My jobs (which are supposed to spawn every 5 minut...
# ask-community
l
My jobs (which are supposed to spawn every 5 minutes and take ~1-3mins to complete) are stuck in “Starting” as far back as 3 days even though I have an autoscale GKE cluster I’m also seeing an extremely slow load then error when trying to go to this sensor page https://dagit.nautilusapp.xyz/workspace/example_repo@custom-example-user-code17/sensors/spawn_train_workers and this page https://dagit.nautilusapp.xyz/workspace/example_repo@custom-example-user-code17/sensors Do I need to beef up or repair my cluster? I’m still getting a bunch of completed runs even til now, so I know my sensor is functioning
1
although I am having trouble finding (via tags) all the jobs that I KNOW were supposed to have been spawned via sensor (in both the All Runs and In Progress page)

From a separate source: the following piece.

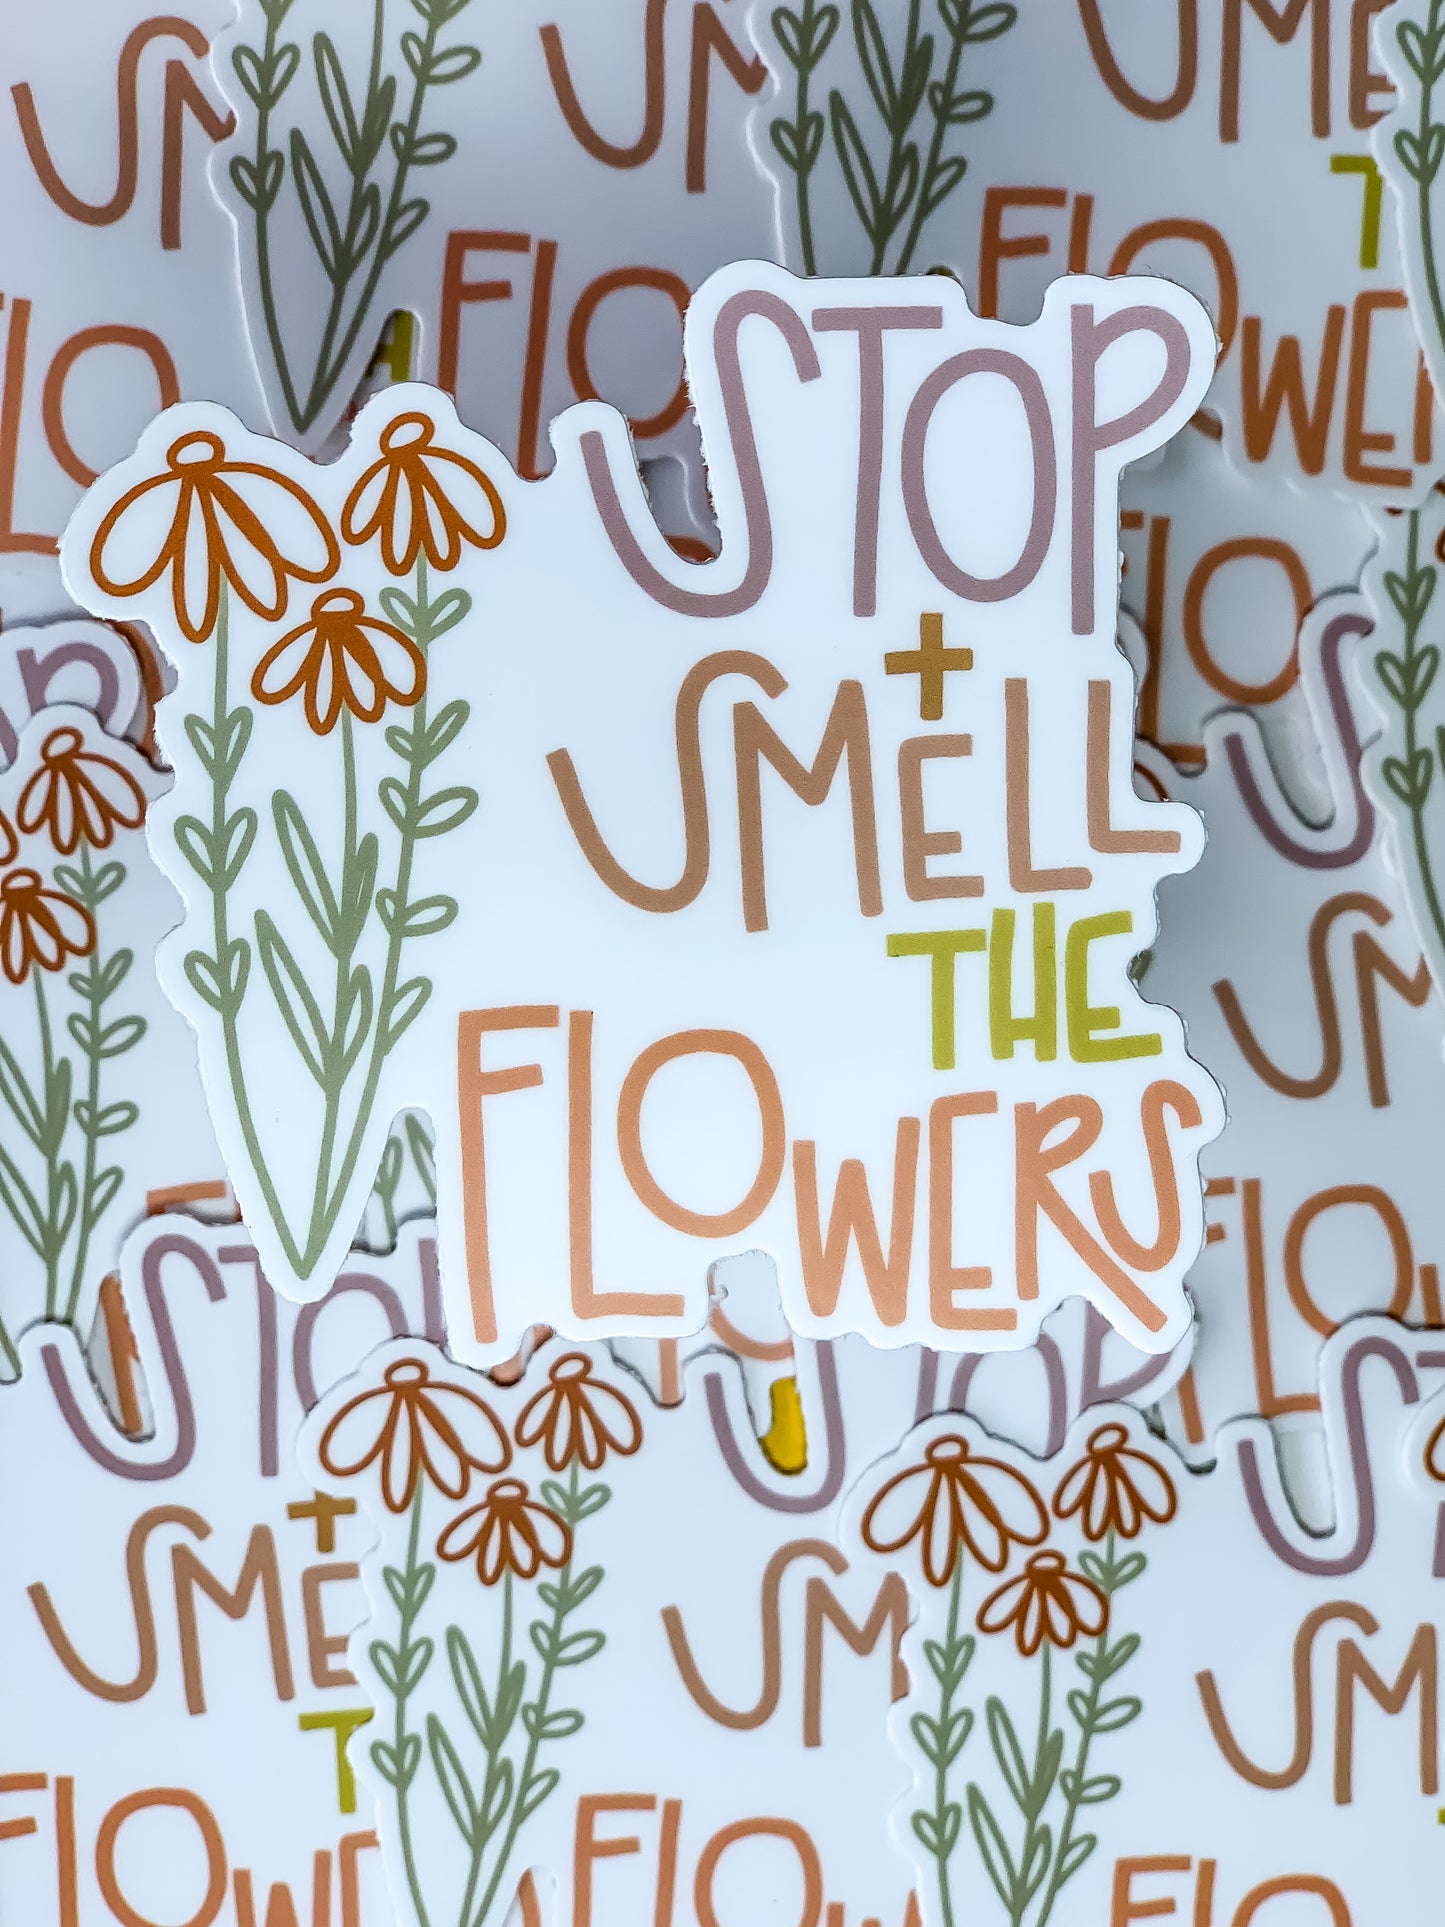 Stop and Smell the Flowers Sticker.

so I’m not confident that the sensor is fully functioning and issuing all the `RunRequest`s that it’s supposed to
a
DiskFull
it appears your database has consumed all the disk it has access to which would cause writes to fail putting the app in to this broken state you are observing
👍 1
l
gotcha, looks like this is the workload Noob question, but is this correct: I can beef this up by setting the
resources
for under
postgresql:
by following the conventions defined here https://github.com/helm/charts/blob/master/stable/postgresql/README.md?
Is there any downside to creating a separate persistent, managed postgres instance with Google Cloud SQL and pointing to that (vs configuring it to live in the GKE cluster via helm here)? it seems more stable and easier to upgrade separately if I have an external postgres instance hopefully latency isn’t a big factor since I’m using a regional cluster anyway. And this is what a typical “Managed Dagster Cloud” setup might look like anyways?
👍 1
a
I would recommend using a fully managed database if you are not comfortable with DB management https://cloud.google.com/blog/products/databases/to-run-or-not-to-run-a-database-on-kubernetes-what-to-consider
❤️ 1
l
ahh gotcha! thanks for the resource